Saved entries:
- Opening Delimiter -

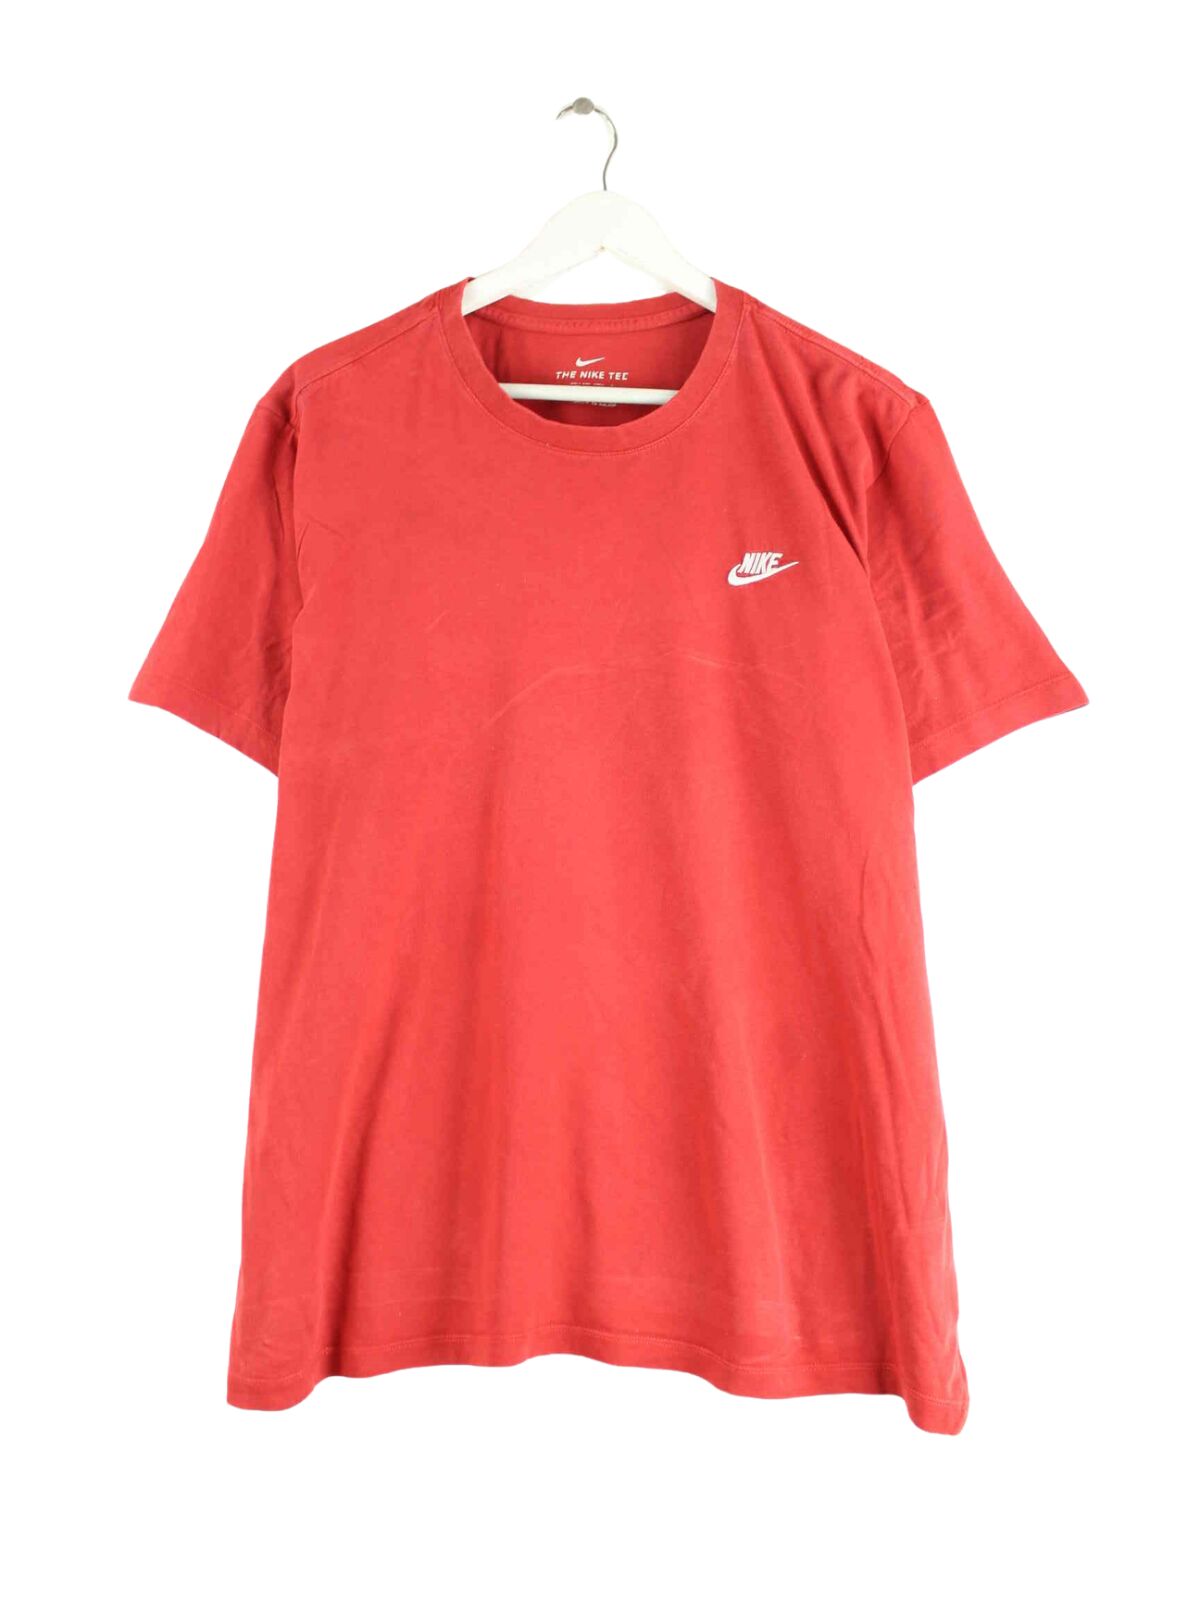 Nike Basic T-Shirt Rot XL (front image)
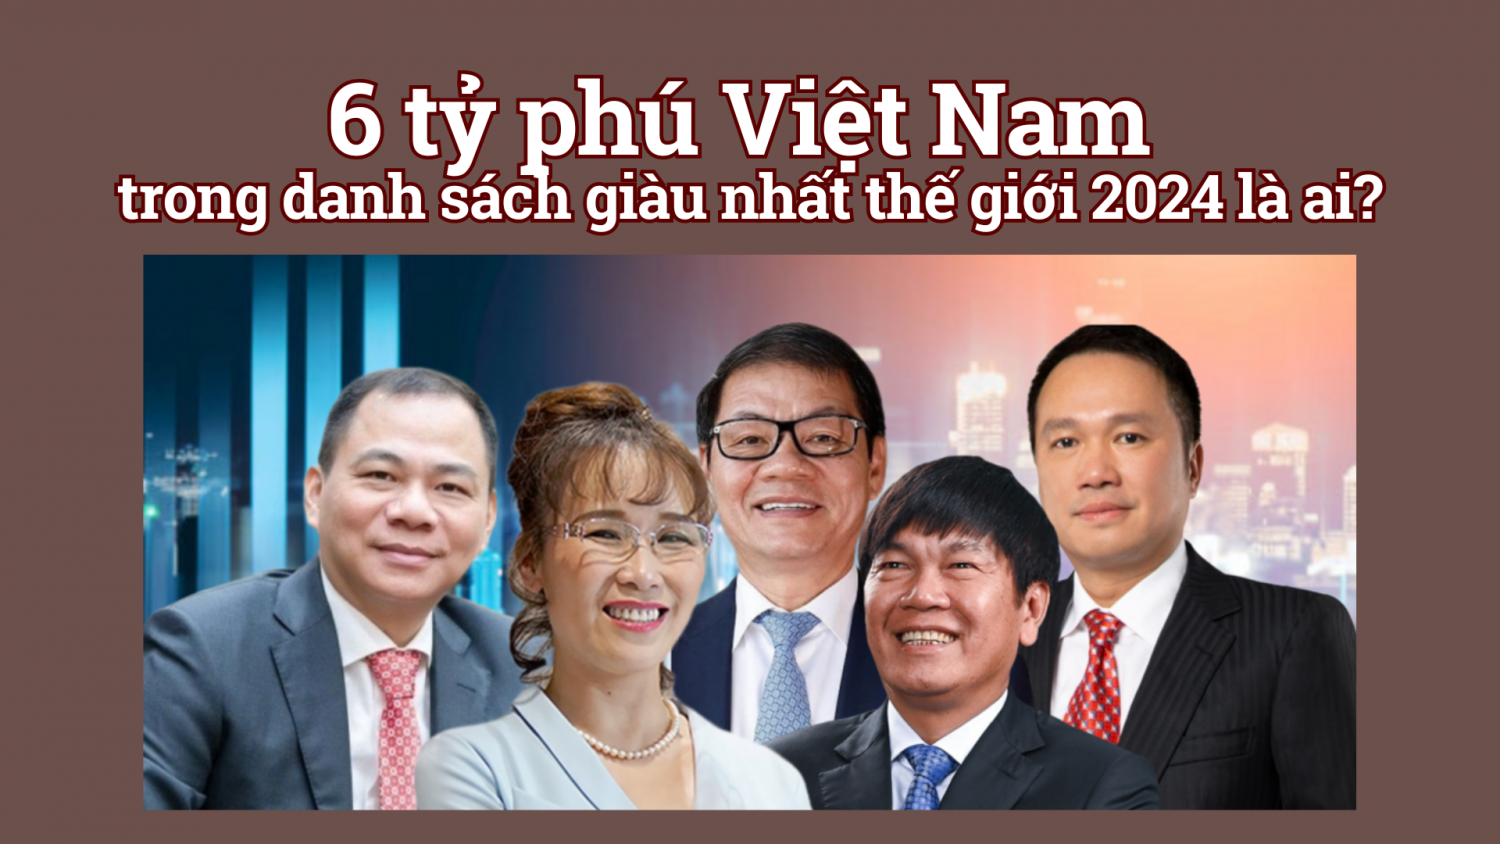 6 tỷ phú Việt Nam trong danh sách giàu nhất thế giới 2024 là ai?
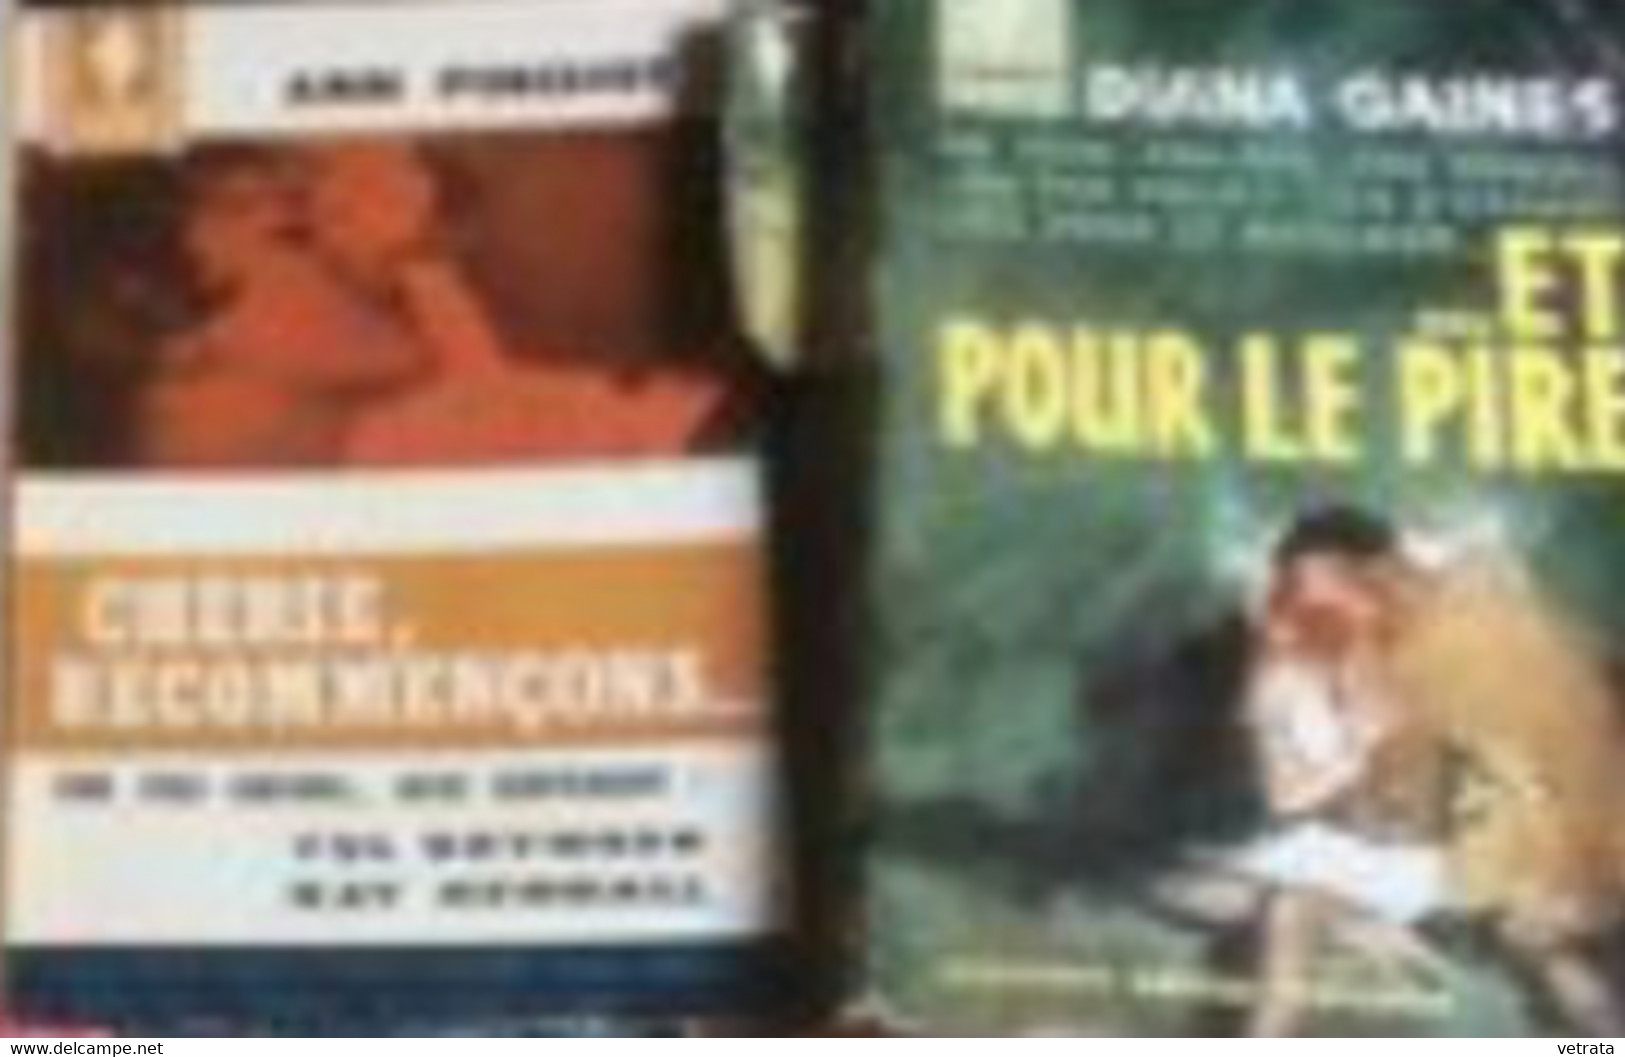 5 livres Marabout : E. Forbes, Paradise / F. Yerby, Dilemme Du Dr Childers / J. Lee, En Lettres De Feu / A. Pinchot, Ché - Paquete De Libros
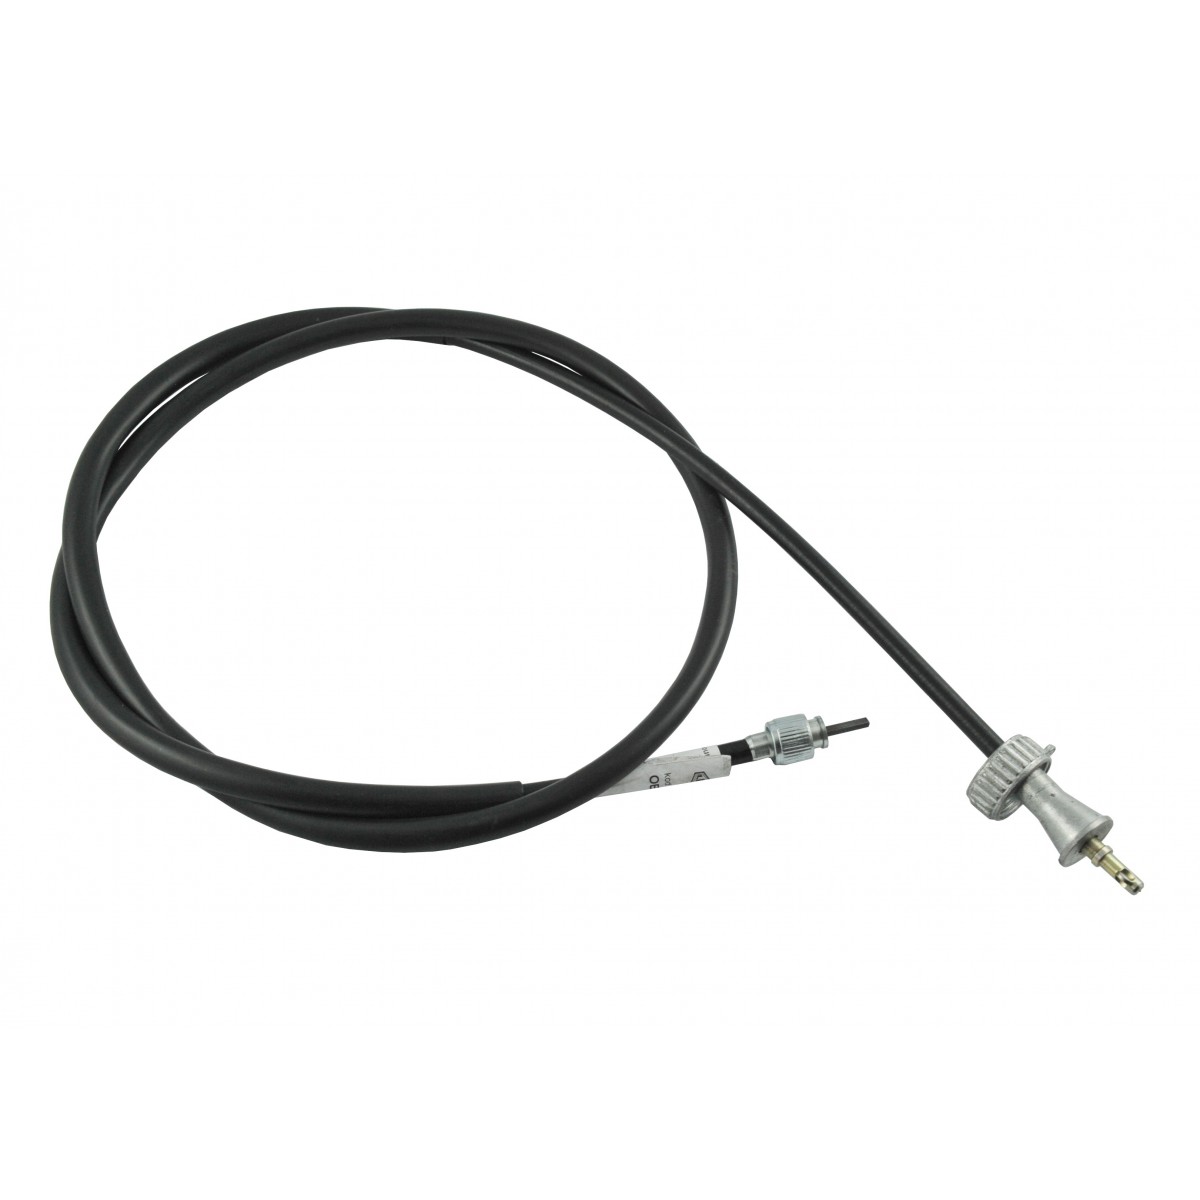 Cable medidor Iseki 1265/1300 mm
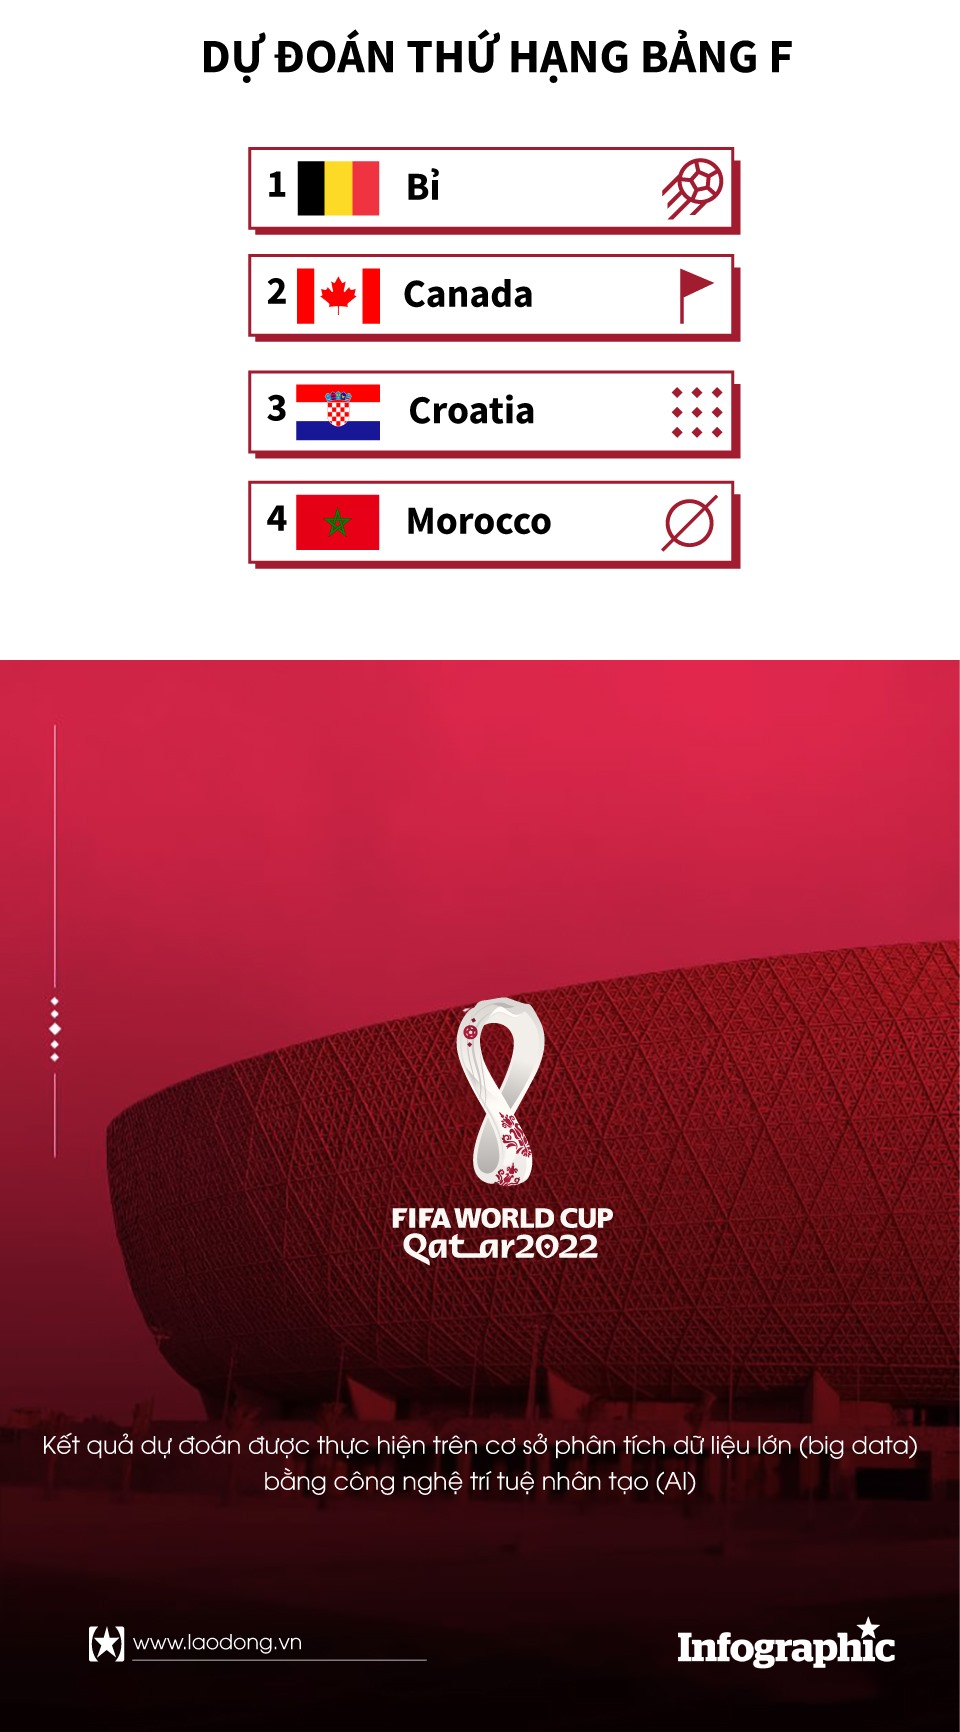 lịch thi đấu world cup hôm nay bỉ vs croatia dự đoán tỉ số world cup 2022

- Closing Delimiter -

■ What is required ■
Print exactly, with no pictures, the lines above from the one that holds "6 tỷ phú Việt" through the one that holds "Cable medidor Iseki 1265/1300 mm", both of them included.

■ Exercise answer ■
 6 tỷ phú Việt Nam trong danh sách giàu nhất thế giới 2024 là ai?
 5 livres Marabout : E. Forbes, Paradise / F. Yerby, Dilemme Du Dr Childers / J. Lee, En Lettres De Feu / A. Pinchot, Ché - Paquete De Libros
 Cable medidor Iseki 1265/1300 mm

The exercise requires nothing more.